By Angelique V. Nixon

 

moon rituals in times of crisis

 

rush of magic enters       the body
with colorful joy               bursts
of soothing fire                   raining light
utter bliss                              tenacious fibers
that stretch beyond        this time

I am trance, desire-full-being
star gazing, mind-spirit travels
to moons in a nearby galaxy to let go 

                          (this time of new millenium – too much, too broken…
                          where are we Black-spirited-cosmic-warrior people supposed to live?
                         I escape this earth, for some-thing-else, Earthseed-Mothership-Afro-future-vibes)

visioning fierce women-gender-queer lovers,
future partners in cosmic tribe vibrations,
who will caress my cheekbones and ride high
on the way to another life, on another planet

each dream-scape different,         body high, spirit nourished,
heart-ready, soul-full                       waves of orgasmic flight,
universal fire,                                        flesh and spirit entwine

cloaked in super moon wishes
I cast dark and sensuous moans
as spells grow like my space armour,
the vibration to make us anew,

flows through my fingers, trembling
words dance from my lips, dripping
confessions erupt from third eye, playfully

                          bending time and crossing space, visiting other freak-quencies of me
                          in search of where we can be, Black, human, woman, queer & free

moon rituals of night-time creation, times of crisis, we be,
needing this spiritual-planetary revolution, indigo pulsing dark-full balance
beaming me to a future dimension

(on different planets, we be on Earthseed vibrations, to the stars,
we dream Planet Toussaint with a generous swirl of decolonial love & healing vibrations)
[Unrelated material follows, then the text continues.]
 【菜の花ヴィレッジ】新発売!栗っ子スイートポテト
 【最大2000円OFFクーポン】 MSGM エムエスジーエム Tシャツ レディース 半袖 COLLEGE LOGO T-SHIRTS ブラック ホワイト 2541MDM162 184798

where conscious warriors are celebrated
where difference is never a threat
where freedom is no longer a dream or struggle
where spirited-beings, live and love in harmonious vibes,
multiple ways of being, loving fiercely with no bounds.

 

 

Grace of Wonder

 

                     In whose language / Am I / If not in yours / Beautiful
                                                                                   – M. Nourbese Philip

I see you Grace Jones on this late October evening
blessing us at Roseland, New York City
for two loving hours, gripping us with magical
transformations, dazzling us in the light bending
to your will, smooth and rough, like your powerful voice,
each hat, each accessory defying gravity.
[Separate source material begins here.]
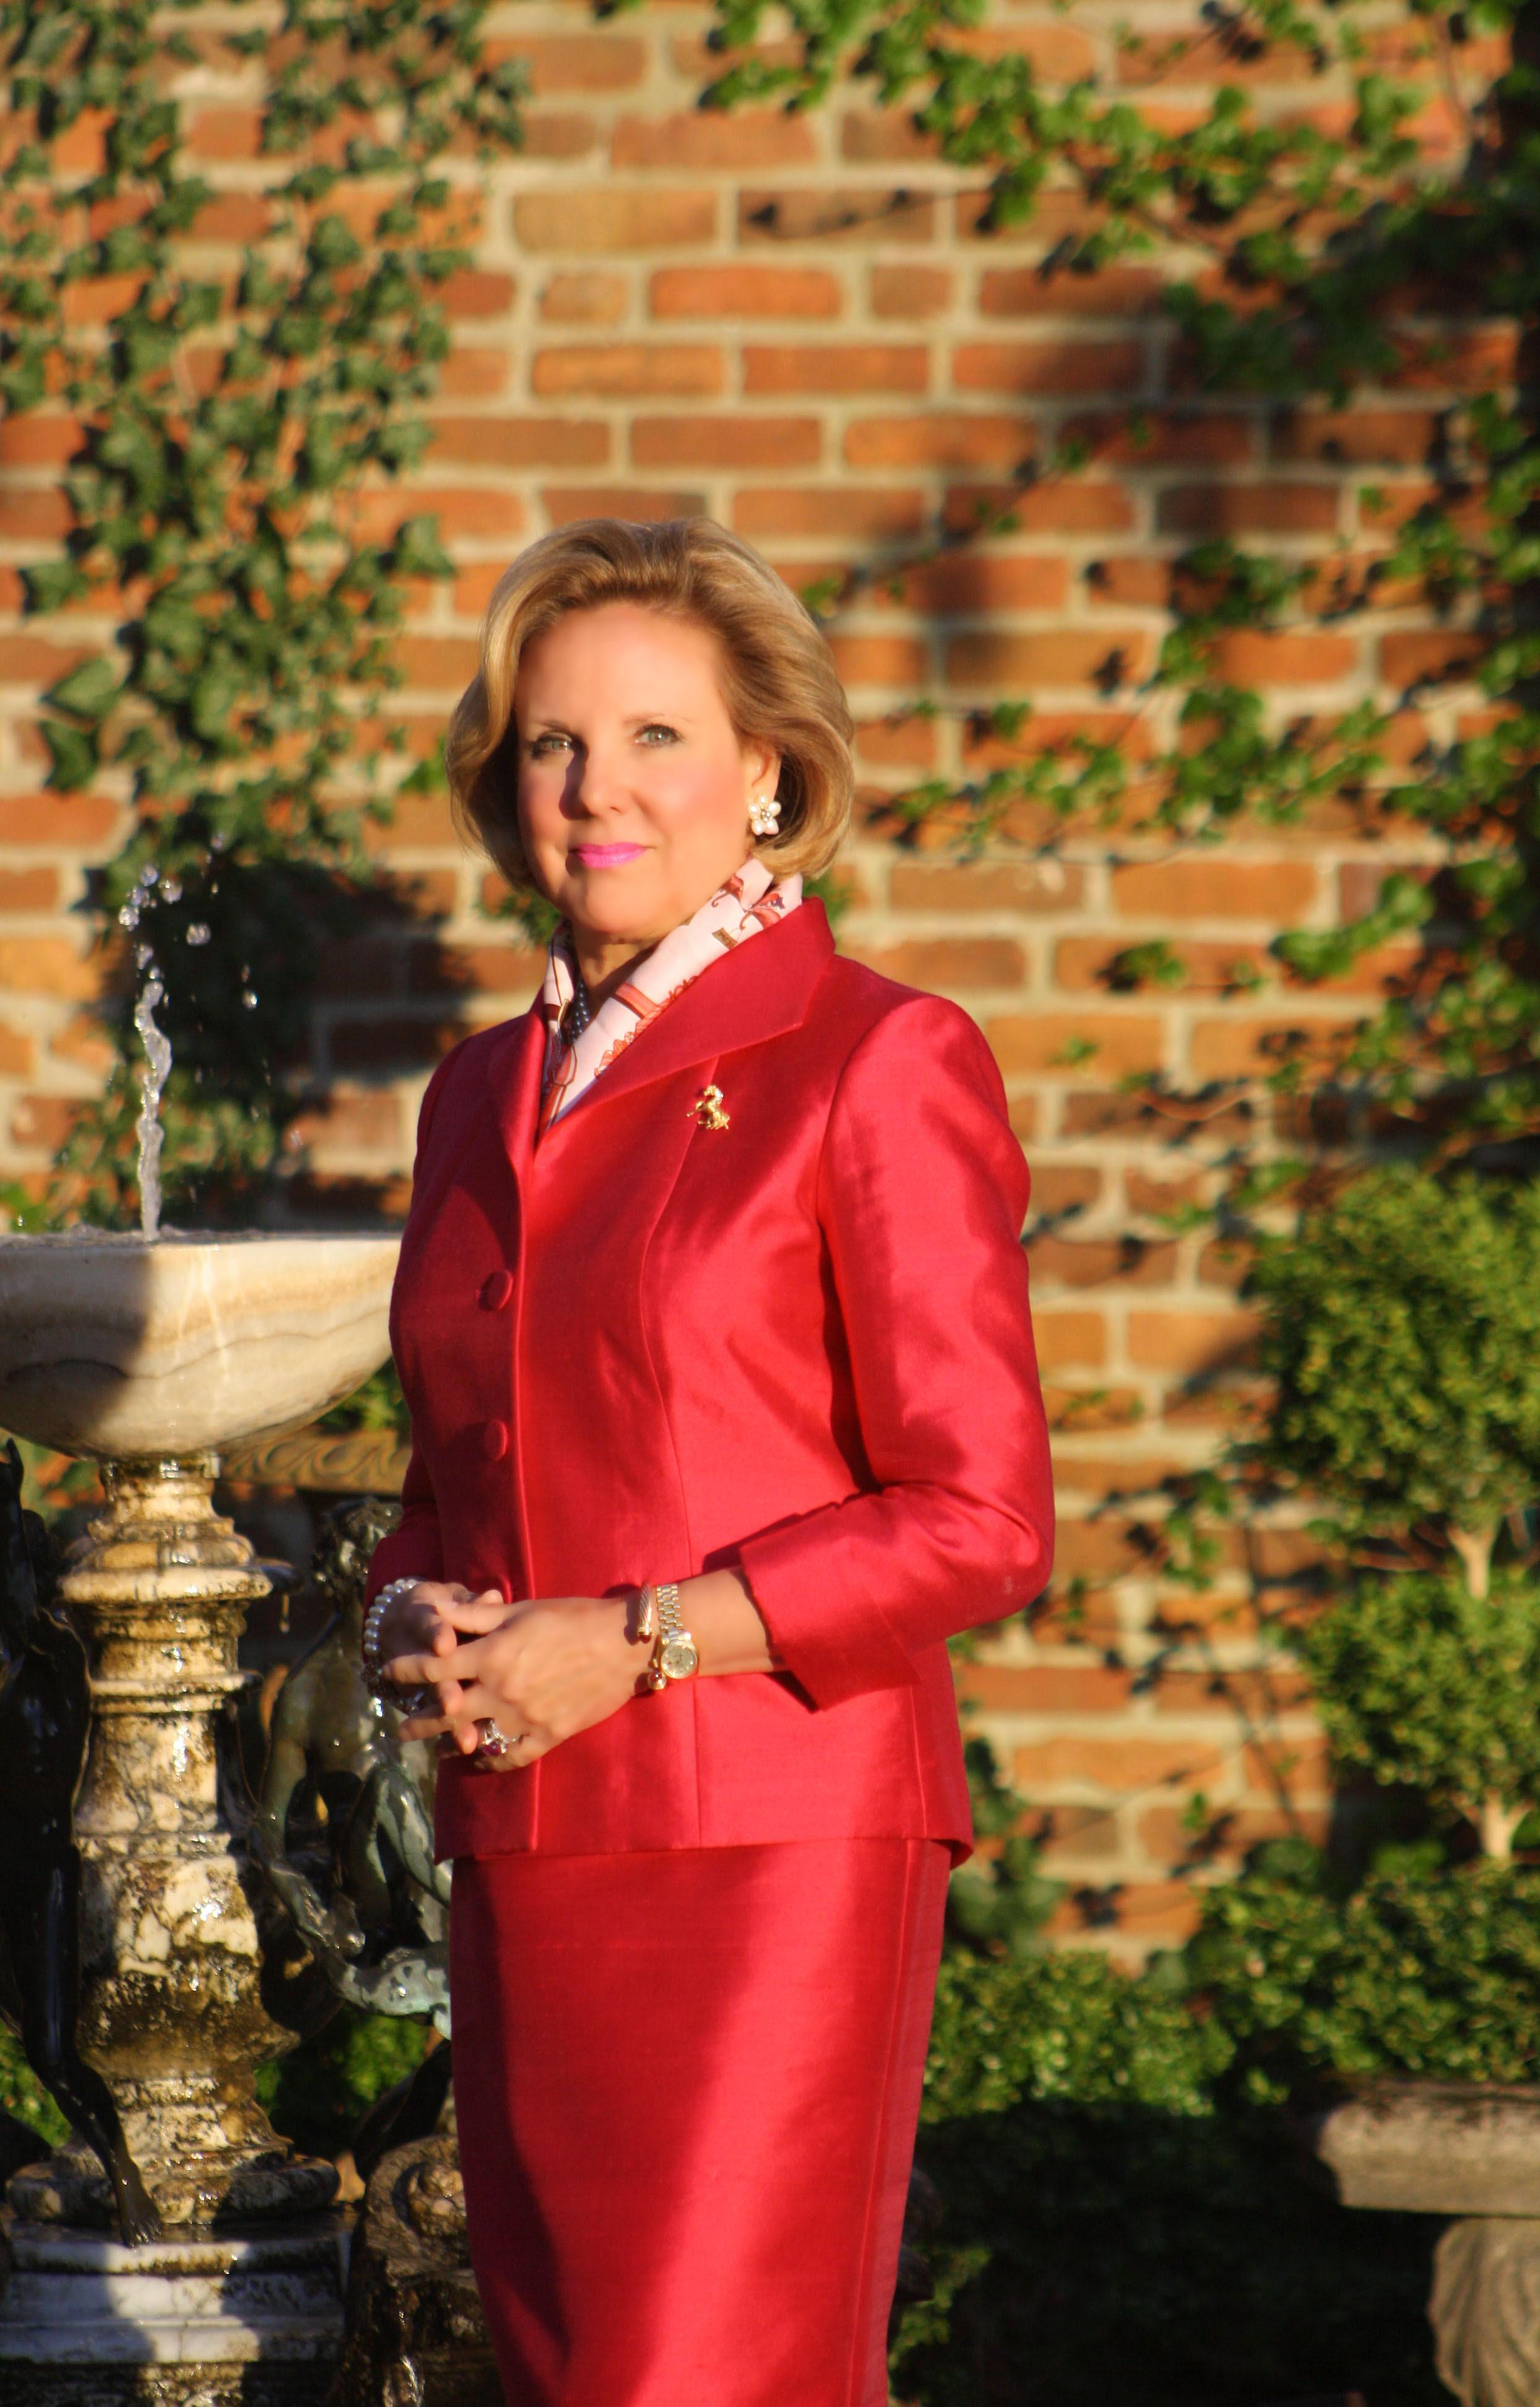 red-suit.jpg

I see her in you, you in her – my mother, Kim Grace Louise,
imagining that she was or could have been like you, if only,
she had been able to be herself and thrive.
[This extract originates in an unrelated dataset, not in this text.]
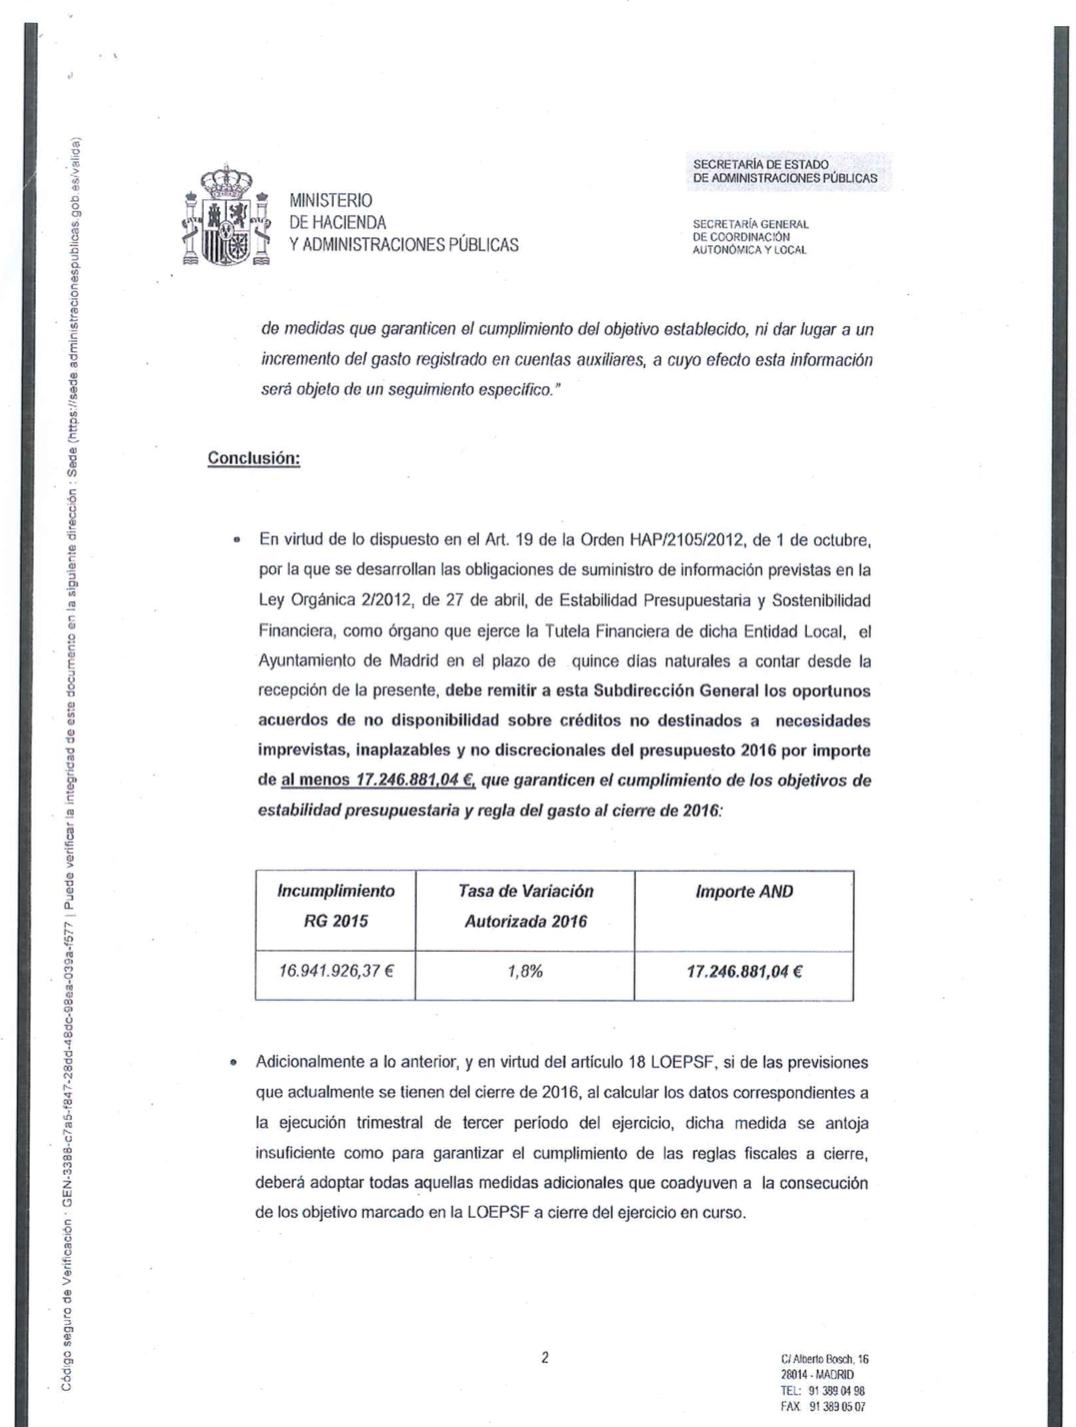 HACIENDA-CARTA-2.png

There is such danger in being a Black woman in charge of her own self, in love with her own dynamic flesh, (dangerous loving our black selves, especially in the dark, but we must love our flesh, we must love all our flesh and each others’ flesh in all hues, tones, spaces in between),

Grace Jones, so comfortable in her dark vibrant skin
so confident in her sexy lifeforce, so defiant in her raw sassy voice
rock star in freakdom performance, genius and unafraid
creating rhythms out of chains people attempt to place, name
and capture you, remix, words sounds movement in brilliant ecstasy.

I see you Grace, playfully and subtly, yet forcefully using your voice
as weapon as choice as force to be never contained
living wildly, breaking through, madness
carving space to be more than exploding categories
the definition of fierce

You are hurricane force winds, escaping from restraints of mind body control
your images have haunted me, reminders ever so slightly of her.

Your son, on stage with you, drummer in your band, performing his own magic, thru yours,
I wonder what it must be like growing up with you, to be raised up in such womanpower,
and I see myself in him, in awe of you, reflections of our mothers’ defiance & sexy funk.

I wonder if she found you as a teenager
She a cabaret dancer with starry dreams,
young single mother, growing up as she raised me
to be defiant like saltwater and strong like moon tides
Maybe looking up to you as a symbol of freedom
a path to wholeness, amidst the haziness of never being enough.

I imagine her looking up to you, seeing possibilities,
I see her anew through you… your hula hoop, your corset,
You insistence that we speak our truth and speak our sexy
As fuck, fucking sex, yes we are…

        I’m a hurricane here I come
        eye of the hurricane, the calm before the storm

she was always the storm, raging fyah nestled in defiant love
she was everything yet nothing like people said
she was outrageous, flamboyant, and (sometimes) free

she was graceful fyah, whipping her soul around spreading
herself to thing of desire, dancing yet reeling herself tightly
into a ball twisting upon self protection shell exterior tough

with all this Yemanja and Oya power
I see you both casting whips and spells.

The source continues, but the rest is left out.